MUNICH — Retired auto worker John Demjanjuk was formally charged today with 27,900 counts of acting as an accessory to murder — one for every person who died at Sobibor during the time he is accused of serving as a guard at the Nazi death camp.

The charges against the 89-year-old retired auto worker, who was deported from the U.S. in May, were filed at a Munich state court, prosecutors in the city said in a brief statement.

Doctors cleared the way for formal charges earlier this month, determining that Demjanjuk was fit to stand trial so long as court hearings do not exceed two 90-minute sessions per day.

The court must now decide whether to accept the charges — usually a formality — and set a date for the trial. Court spokeswoman Margarete Noetzel said the trial was unlikely to start before the autumn.

Demjanjuk lawyer Guenther Maull had no immediate comment on the charges, saying he had not yet seen them.

Charges of accessory to murder carry a maximum sentence of 15 years in prison in Germany.

Prosecutors accuse Demjanjuk of serving as a guard at the Sobibor camp in Nazi-occupied Poland in 1943.

Demjanjuk, a native of Ukraine, says he was a Red Army soldier who spent the war as a prisoner of war and never hurt anyone.

But Nazi-era documents obtained by U.S. justice authorities and shared with German prosecutors include a photo ID identifying Demjanjuk as a guard at the Sobibor death camp and saying he was trained at an SS facility for Nazi guards at Trawniki, also in Nazi-occupied Poland. U.S. and German experts have declared the ID genuine.

Demjanjuk gained U.S. citizenship in 1958. The U.S. Justice Department moved to revoke the citizenship in 1977, alleging he hid his past as a Nazi death camp guard, and it was revoked in 1981.

Demjanjuk was tried in Israel over accusations that he was the notorious “Ivan the Terrible” at the Treblinka death camp in Poland. He was found guilty in 1988 of war crimes and crimes against humanity but the conviction was overturned by the Israeli Supreme Court.

That decision came after Israel won access to Soviet archives, which had depositions given after the war by 37 Treblinka guards and forced laborers who said “Ivan” was a different Ukrainian named Ivan Marchenko.

Demjanjuk’s U.S. citizenship was restored in 1998. However, a U.S. judge revoked it again in 2002 based on fresh Justice Department evidence showing he concealed his service at Sobibor and other Nazi-run death and forced-labor camps from immigration officials.

A U.S. immigration judge ruled in 2005 he could be deported to Germany, Poland or Ukraine. Munich prosecutors issued an arrest warrant for him in March.

They accused him in that warrant of being an accessory to murder in 29,000 cases. However, that number was reduced in the charges because, of the people transported to Sobibor, “many did not survive the journey,” said Anton Winkler, a spokesman for Munich prosecutors.

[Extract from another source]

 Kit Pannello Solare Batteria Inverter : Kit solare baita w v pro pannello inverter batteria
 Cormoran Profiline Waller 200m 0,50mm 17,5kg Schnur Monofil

Efraim Zuroff, the top Nazi-hunter at the Simon Wiesenthal Center, welcomed the filing of formal charges.

“This is obviously an important step forward,” Zuroff said by telephone from Jerusalem. “We hope that the trial itself will be expedited so that justice will be achieved and he can be given the appropriate punishment.”

“The effort to bring Demjanjuk to justice sends a very powerful message that the passage of time in no way diminishes the guilt of the perpetrator,” Zuroff said.